Appellant was plaintiff in a suit to foreclose its mortgage which was a first lien on certain real property in Brevard County. Appellee, the United States of America, was named a defendant by reason of a federal tax lien against the mortgagor which was subordinate to the plaintiff’s mortgage lien. Subsequent to the suit being filed the United States of America filed an amended answer alleging that it also held a second mortgage on the subject property by virtue of an assignment from the First National Bank of Eau Gallie to the Small Business Administration, an agency of the federal government.

In due course, the court entered a summary final judgment of foreclosure in favor of plaintiff, finding that there was due plaintiff on its mortgage the sum of $66,366.18 for principal and interest, $3,500 as attorneys’ fees, and $96 in costs. The judgment provided that these amounts were a lien on the property superior in dignity to any right, title, interest, estate or claim of the defendants, and each of them, except that the lien of the second mortgage held by the United States of America on which the sum of $30,631.71 was due, was superior to the lien of Gulf Life’s mortgage as to the award of attorneys’ fees of $3,500. The property was ordered sold and at the foreclosure sale the property was bid in and purchased by Gulf Life for $55,000. Subsequently, Gulf Life filed a motion for a deficiency judgment.

In taking this appeal from the summary final judgment of foreclosure, appellant asserts as its sole point that the trial court erred in holding that the lien of the second mortgage held by the United States of America was entitled to priority over the lien of plaintiff’s mortgage for plaintiff’s attorneys’ fees. Although both parties have briefed and argued the merits of this question, appellee has also urged us to dismiss the appeal as moot.

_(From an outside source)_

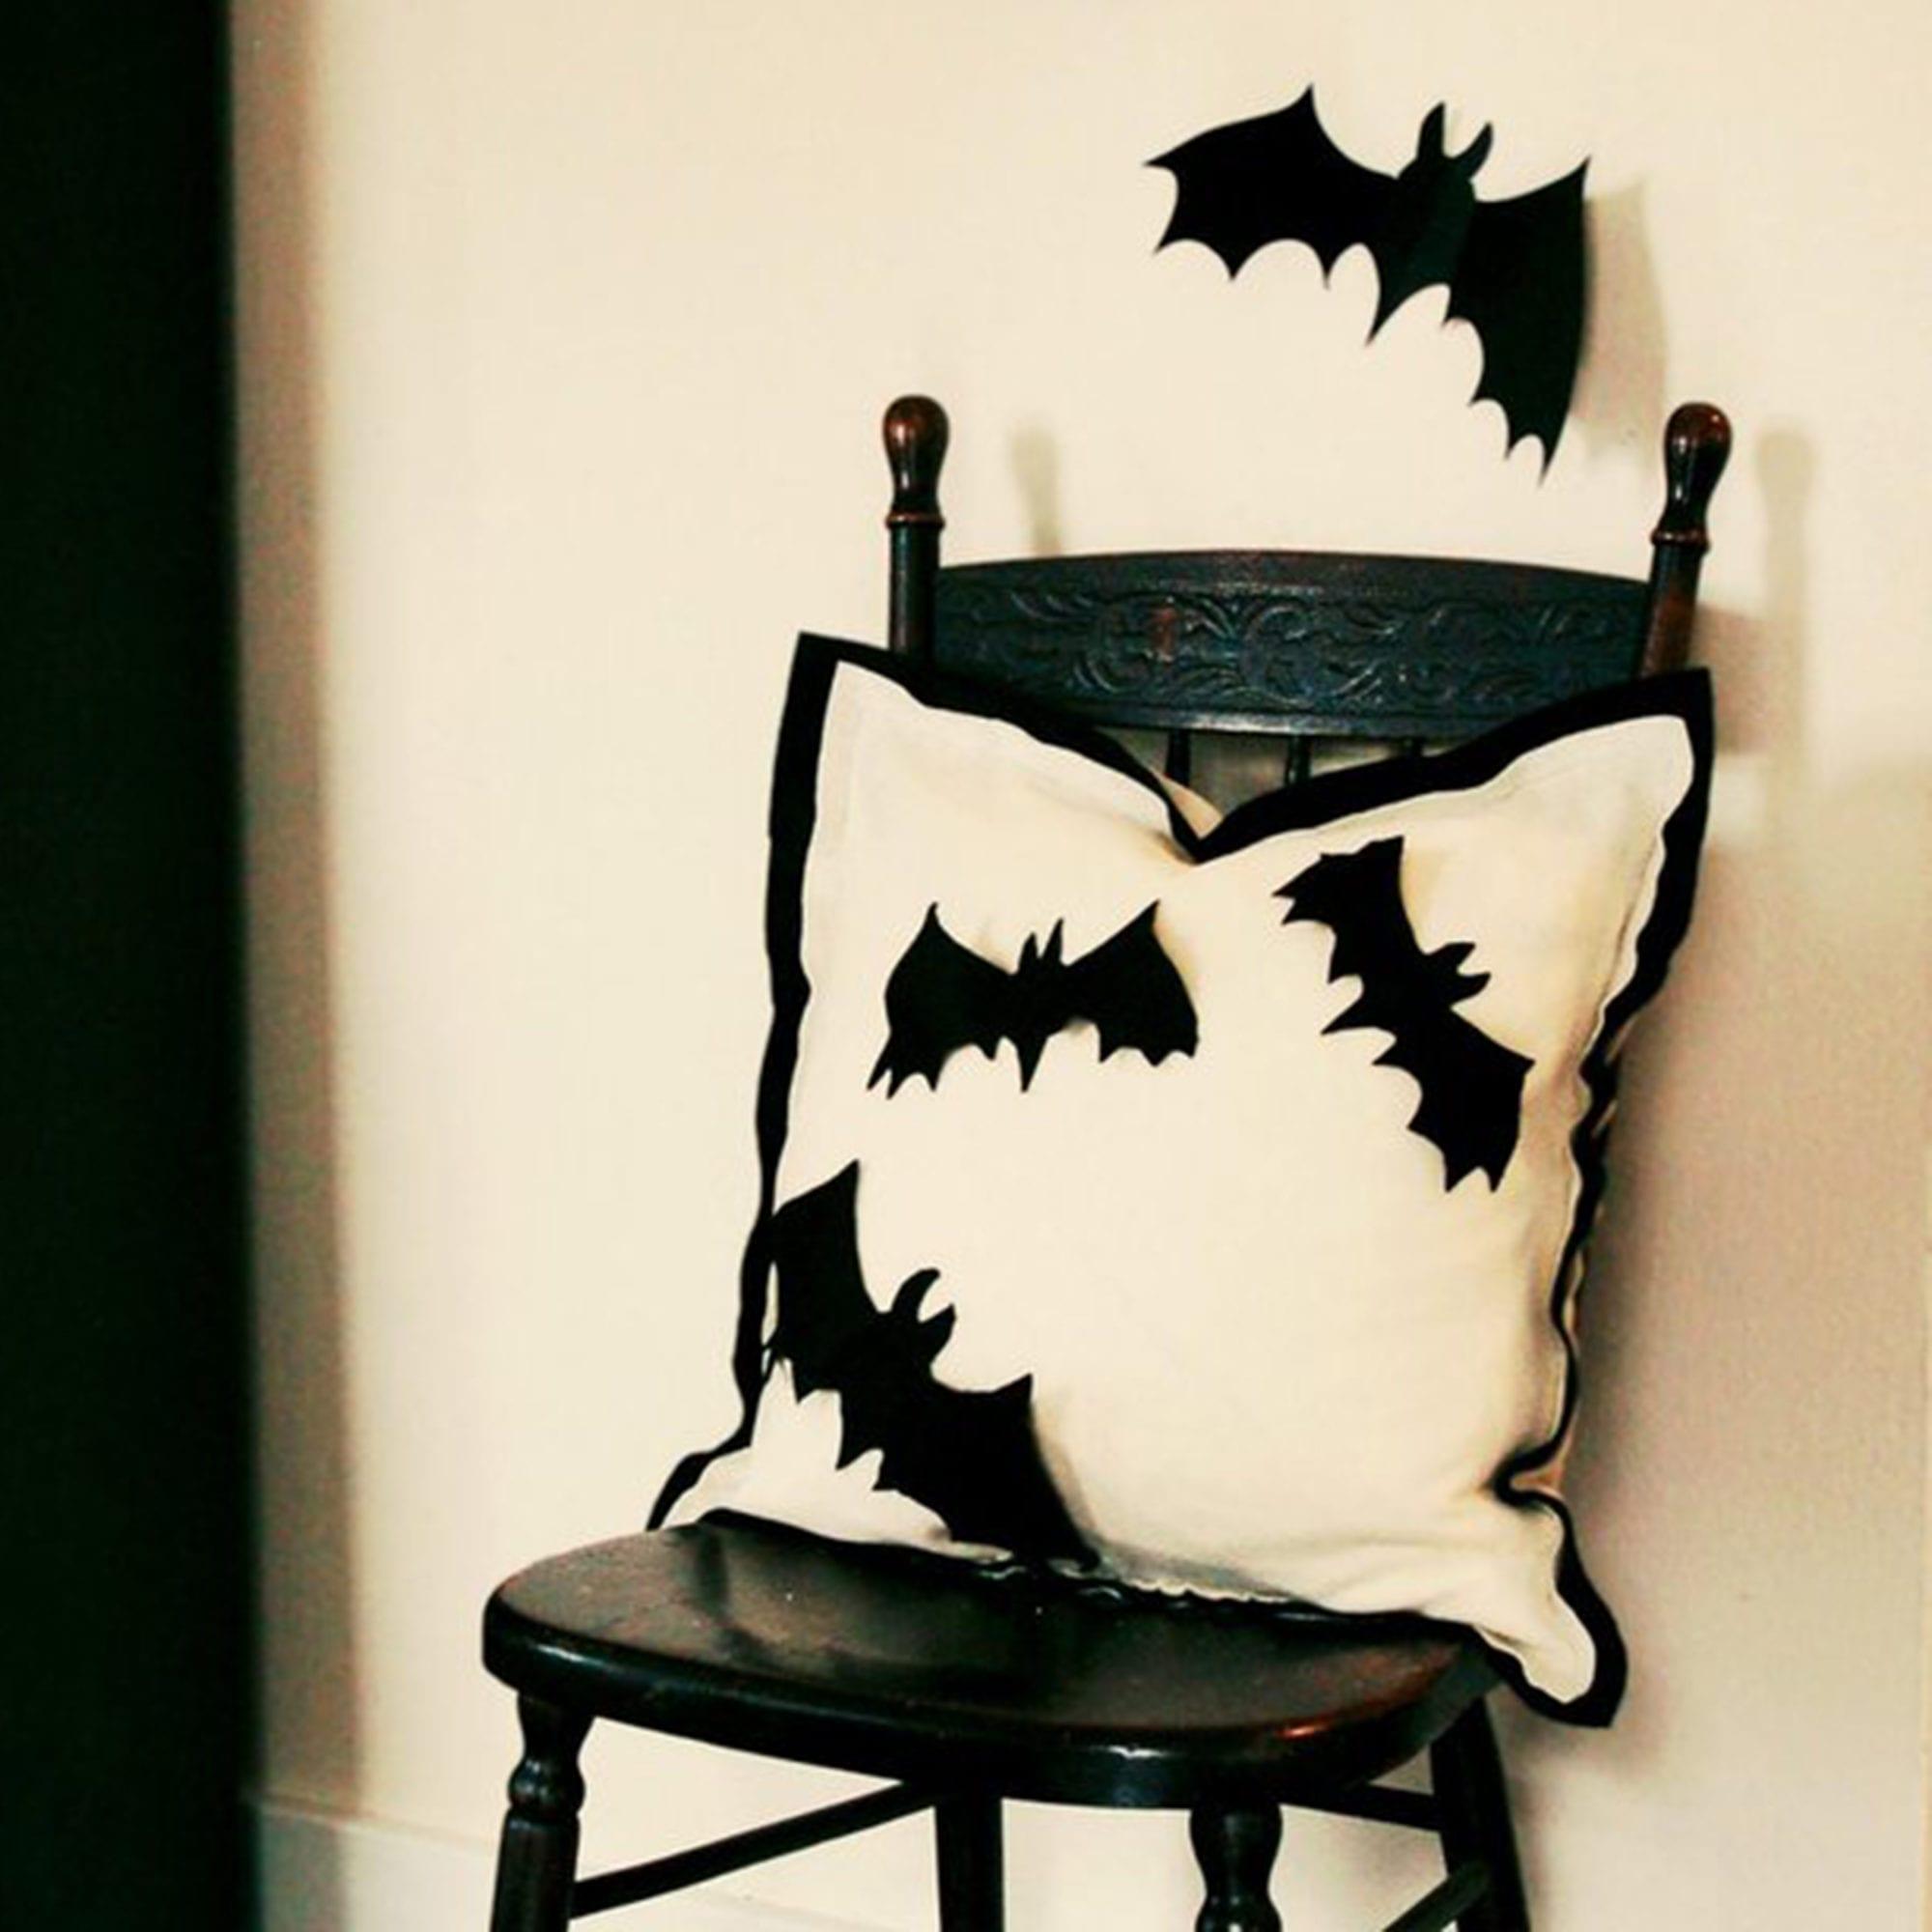 декорации для фотосессии на хэллоуин своими руками предлагает

The question of priority between plaintiff’s award of attorneys’ fees and the amount due the United States of America on its second mortgage would be material only if the amount bid at the foreclosure sale exceeded the amount due plaintiff for principal and interest on its mortgage. Since plaintiff’s successful bid was less than the total amount due it for principal and interest, the point on appeal becomes academic. An appeal should be dismissed where no practical result could be obtained by reviewing the question therein contained. Dehoff v. Imeson, 1943, 153 Fla. 553, 15 So. 2d 258. Even if the United States should exercise its right to redeem within one year after sale pursuant to 28 U.S.C. 2410 (c) (d) the amount which the government would have to pay to plaintiff (exclusive of interest and possibly some expenses not material here) would be the amount of the obligation owed plaintiff to the extent that it was satisfied by reason of such foreclosure sale, to-wit: $55,000. Thus, the issue presented to us is moot and the appeal should be dismised.

Dismissed.

McCAIN and REED, JJ., concur.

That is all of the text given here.